Archdiocese of the Antioch Orthodox Church

The Archdiocese of Aleppo (مطرانية حلب للروم الأرثوذكس) is an archdiocese of the Antiochian Orthodox Church. It has been headed by Metropolitan Ephraim of Aleppo since 2021. Its territory includes the entirety of Syria, and parts of Lebanon and Turkey.

==History==
The diocese has existed since at least 1724, serving primarily the Greek and Arab Christian population. In 1818, there was a riot between the Orthodox and Catholic population in Aleppo, and in 1850 there was a pogrom against the Christian community instigated by the Muslim community.

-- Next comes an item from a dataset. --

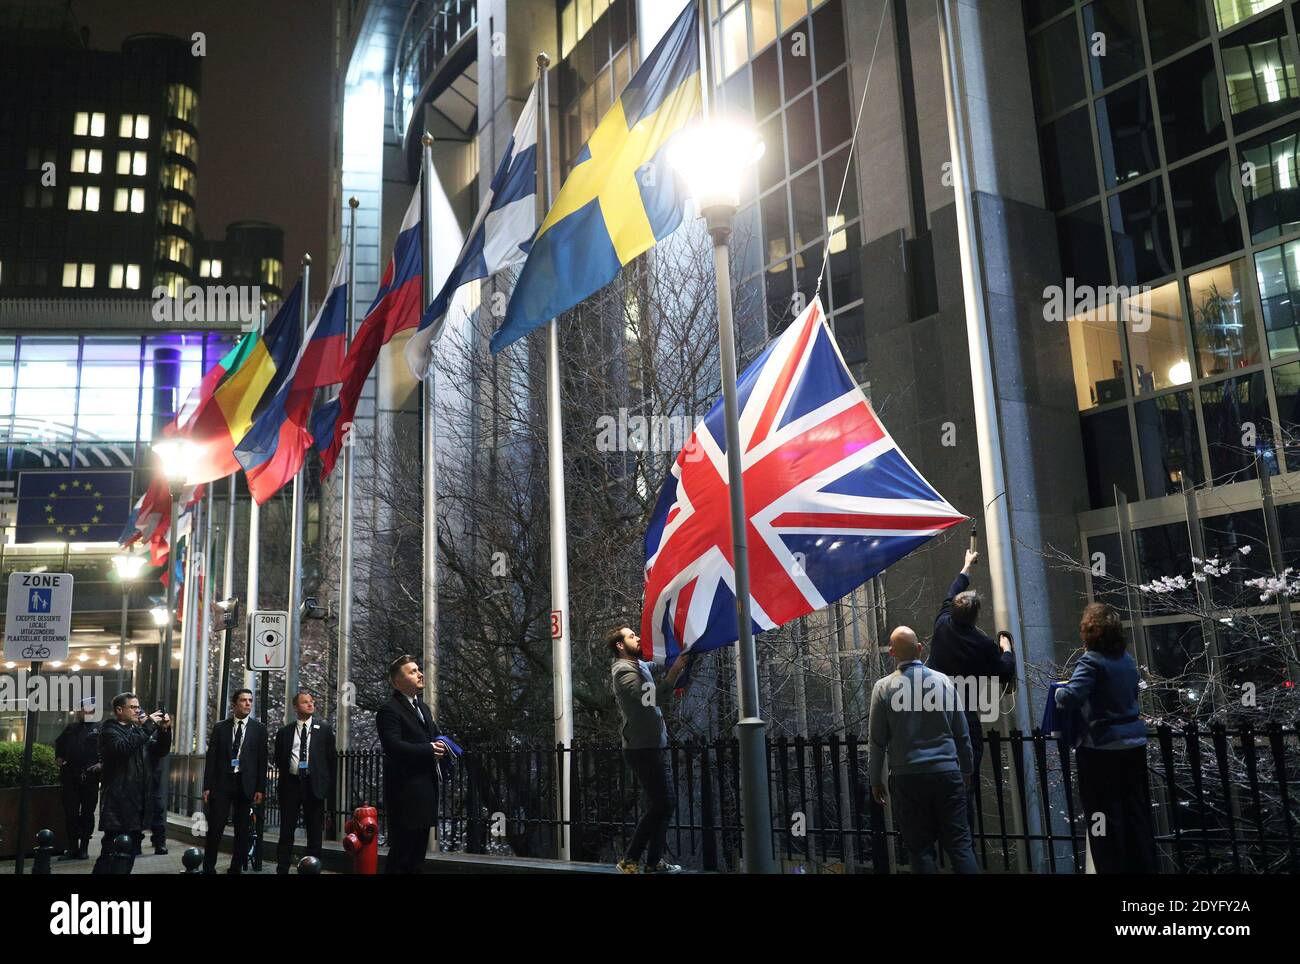 File photo dated 31/01/20 of The Union flag being taken down outside the European Parliament in Brussels, Belgium, ahead of the UK leaving the European Union. The UK and EU have reached a post-Brexit trade agreement. Stock Photo

During the Syrian Civil War, the metropolitan Paul Yazigi, along with Syriac Orthodox Archbishop of Aleppo Yohanna Ibrahim by militants on April 22, 2013; as of 2023 they are still missing.

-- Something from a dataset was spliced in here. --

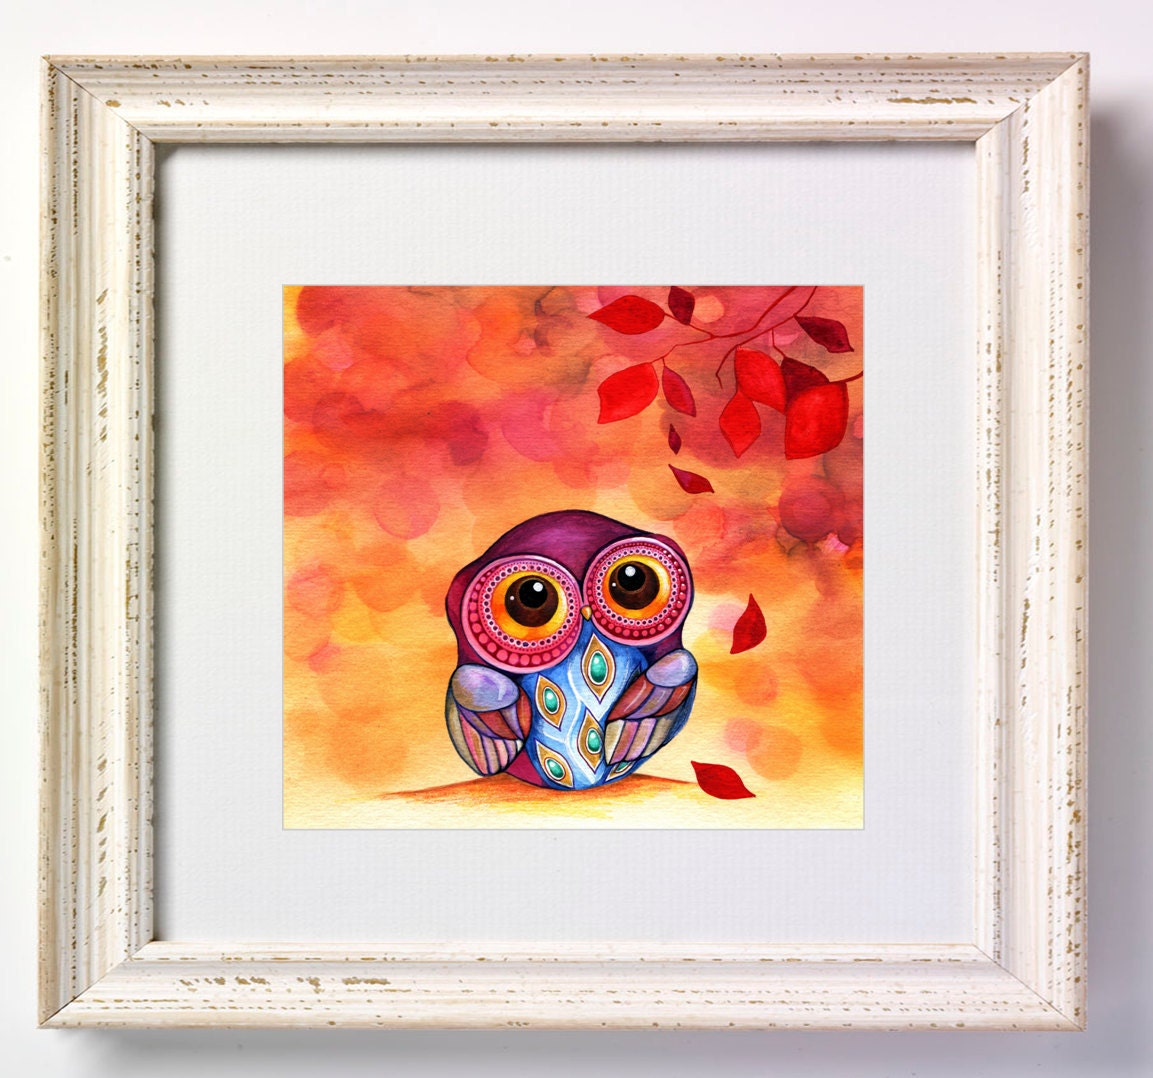 ORIGINAL Painting - Owls First Fall Leaves - by Annya Kai - Colorful Whimsical Animal Bird Artwork

Most of the Christian community has fled due to the ensuring civil war and resulting sectarianism. In December 2024, the Greek government organized a relief effort to evacuate most of the remaining 50 Greek speaking Christian families left in Aleppo.

==List of bishops==

- Nektarios Iordanides (1892 - 1902)
- Epiphanius Al Samra (1902 - 1903)
- Setphanos Mukba (1903 - 1912)
- Raphael Nimer (1912 - 1949)
- Elias Muawad (1949 - 1971)
- Elias Youssef (1971 - 2000)
- Paul Yazigi (2000 - 2021)
  - Basilios Kodseie (2005 - 2010) Archdiocese vicar
- Ephraim Maalouli (2023–present)

==See also==
- Christian Arabs
- Greeks in Syria
- Eastern Orthodoxy in Syria
- Massacre of Aleppo (1850)
- Catholic–Orthodox clash in Aleppo (1818)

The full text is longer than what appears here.